Это было естественно. Талантливый врач и физик, во имя революции отказавшийся от научной карьеры и обеспеченной жизни, Марат раньше других сумел заглянуть в будущее и сквозь мишуру громких фраз буржуазных лидеров Учредительного собрания, как и Бабёф, разглядел их подлинную сущность. Бичуя политику министра финансов Неккера и лицемерие парижского муниципалитета, он был одним из тех, кто вызвал к жизни события начала октября — события, невольным свидетелем которых оказался и Франсуа Ноэль, всё ещё пребывавший в столице.
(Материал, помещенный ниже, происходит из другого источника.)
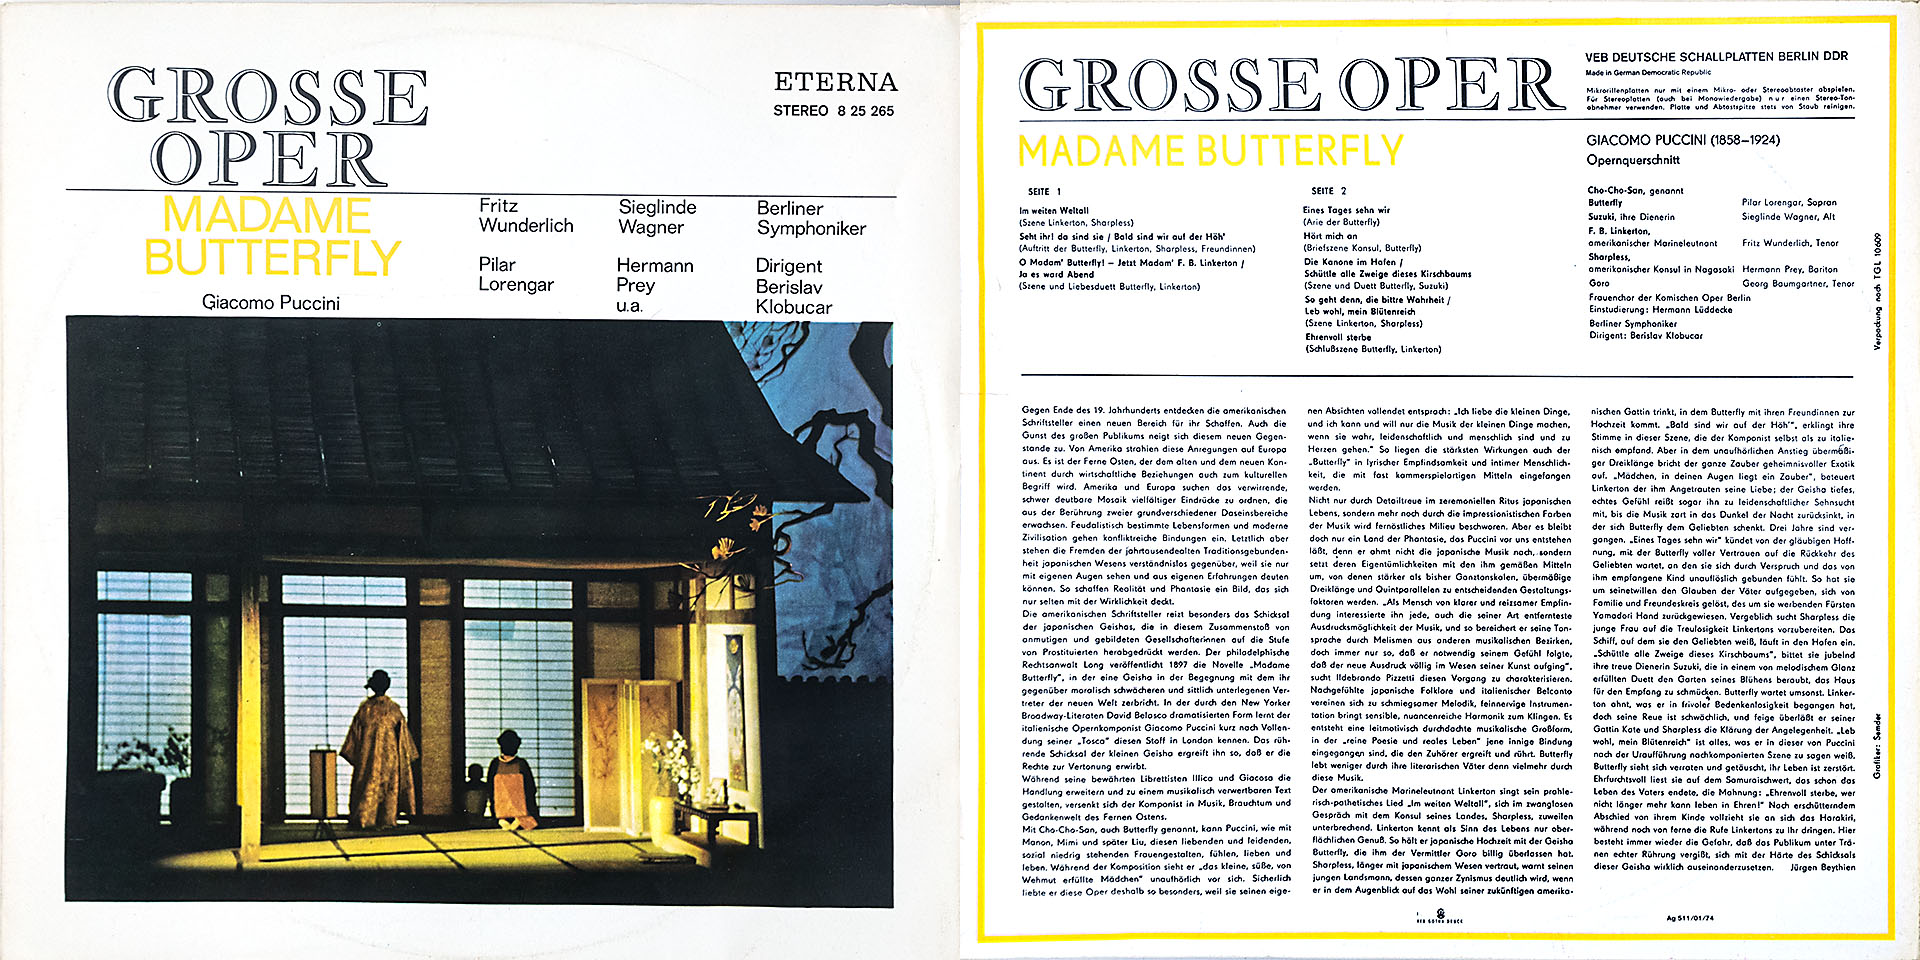 Grosse Oper - Madame Butterfly - Fritz Wunderlich / Sieglinde Wagner / Pilar Lorenger / Hermann Prey u. v. a. m.

Строго говоря, — и Бабёф прекрасно понимал это — события вызвал не Марат. Марат лишь помогал народу разбираться в происходящем.
События вызвал голод.
Голод? О каком голоде, казалось бы, можно было говорить в Париже осенью 1789 года? Ведь урожай выглядел вовсе не плохим, зерна в амбарах было достаточно и перебоев в продаже хлеба не ожидалось.
Тем не менее уже в сентябре в столице появились очереди у булочных; бедняк, простоявший с ночи у дверей лавки, часто не мог получить даже половины каравая, плохо выпеченного из негодной муки.
10
Элога — восхваление, панегирик (лат.).
11
«Друг народа» (франц.).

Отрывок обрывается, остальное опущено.